The Obama Administration has filed an amicus brief in support of the prison-employee petitioners. Like petitioners, it argues that the Ninth Circuit’s decision in this case extends Bivens beyond existing precedent. The Administration contends that because individual employees in a privately run prison, unlike their federal-government-employee counterparts, are subject to liability under state tort law and do not enjoy the protections of qualified immunity, such an extension would have unfair and negative effects on the operation of contract prisons. It also maintains that available state remedies, even if not completely adequate, are sufficient to bar a Bivens remedy.
It goes without saying that the Supreme Court’s decision in Minneci will have significant practical impact in the area of prisoners’ rights. But the import of this case is likely to go well beyond the prison walls. Indeed, given the federal government’s increasing reliance on private contractors not only to run prisons, but also to operate immigration detention centers and to provide numerous services and perform various functions that have traditionally been carried out by the government directly, the Court’s ruling may have wide-reaching implications as to both the future of Bivens and federal constitutional remedies more generally. And while the outcome here remains uncertain, predictions as to the result in Minneci must take into account the Court’s hostility to the Bivens remedy and its refusal to extend Bivens to new circumstances for more than 30 years.
* * * *
These five cases raise important issues of access to justice and, in Jones, a critical question involving the intersection of liberty and security. As with the cases we noted from the Court’s first session, we will follow them with great interest as the Term progresses.

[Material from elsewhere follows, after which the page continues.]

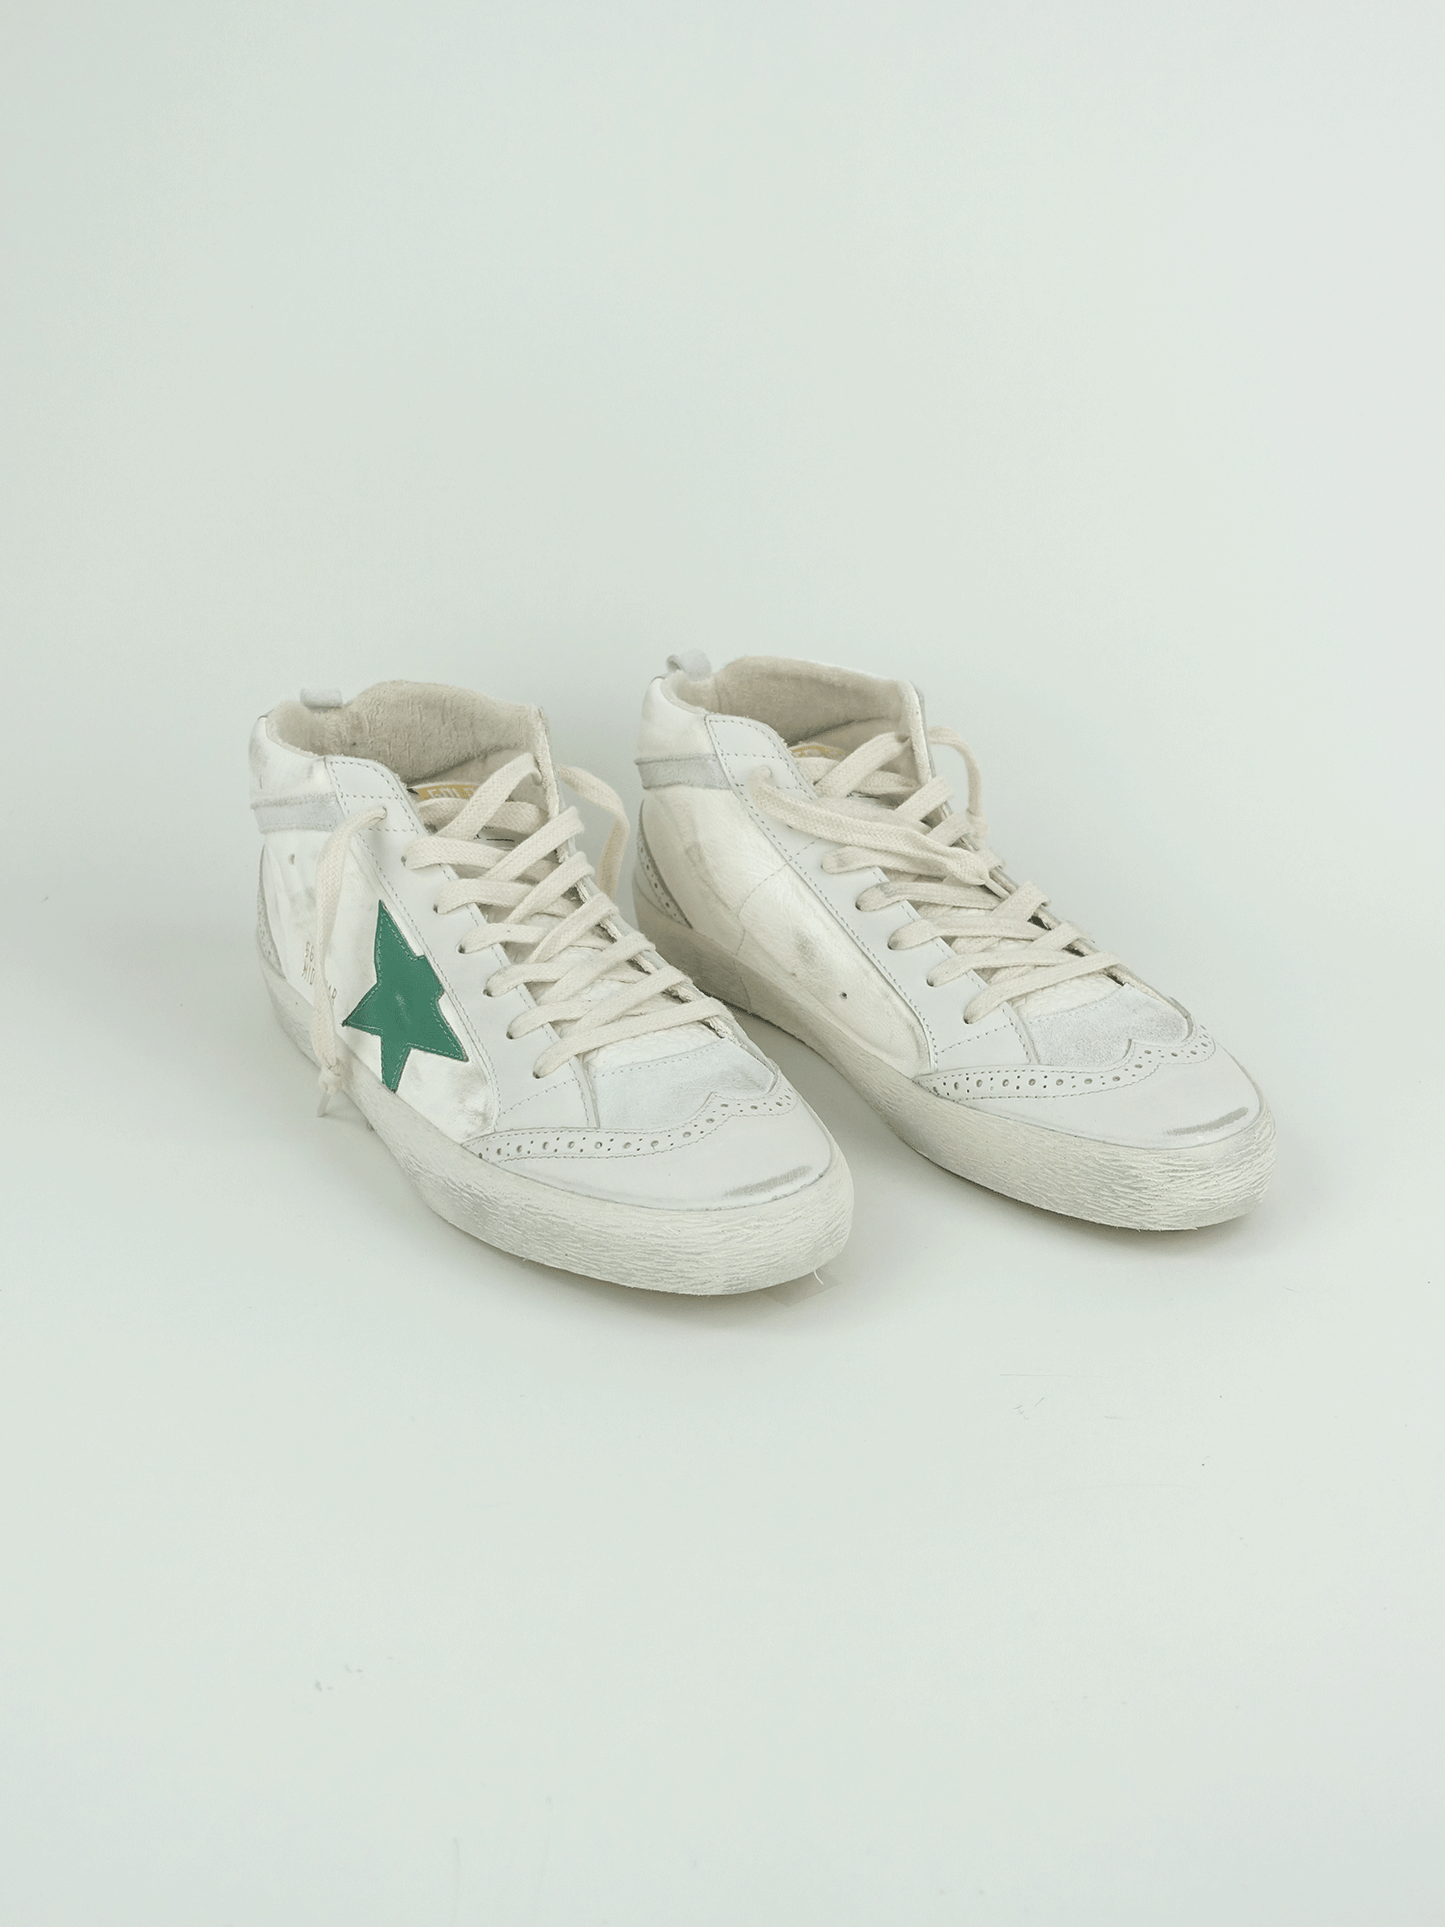 MID STAR NAPPA UPPER LEATHER TOE STAR AND SPUR HIGH FREQUENCY TONGUE SUEDE WAVE GMF00122.F004133.15426 CREAM/MILKY/GREEN/WHITE/SILVER

 In Corrections Corp. v. Malesko, the Court reasoned that Bivens liability was intended to deter individual officials from violating constitutional rights and therefore did not entail vicarious liability for the government-contractor corporation for its employees’ alleged misconduct. The Supreme Court did not consider whether the individual employees alleged to have violated constitutional rights had Bivens liability.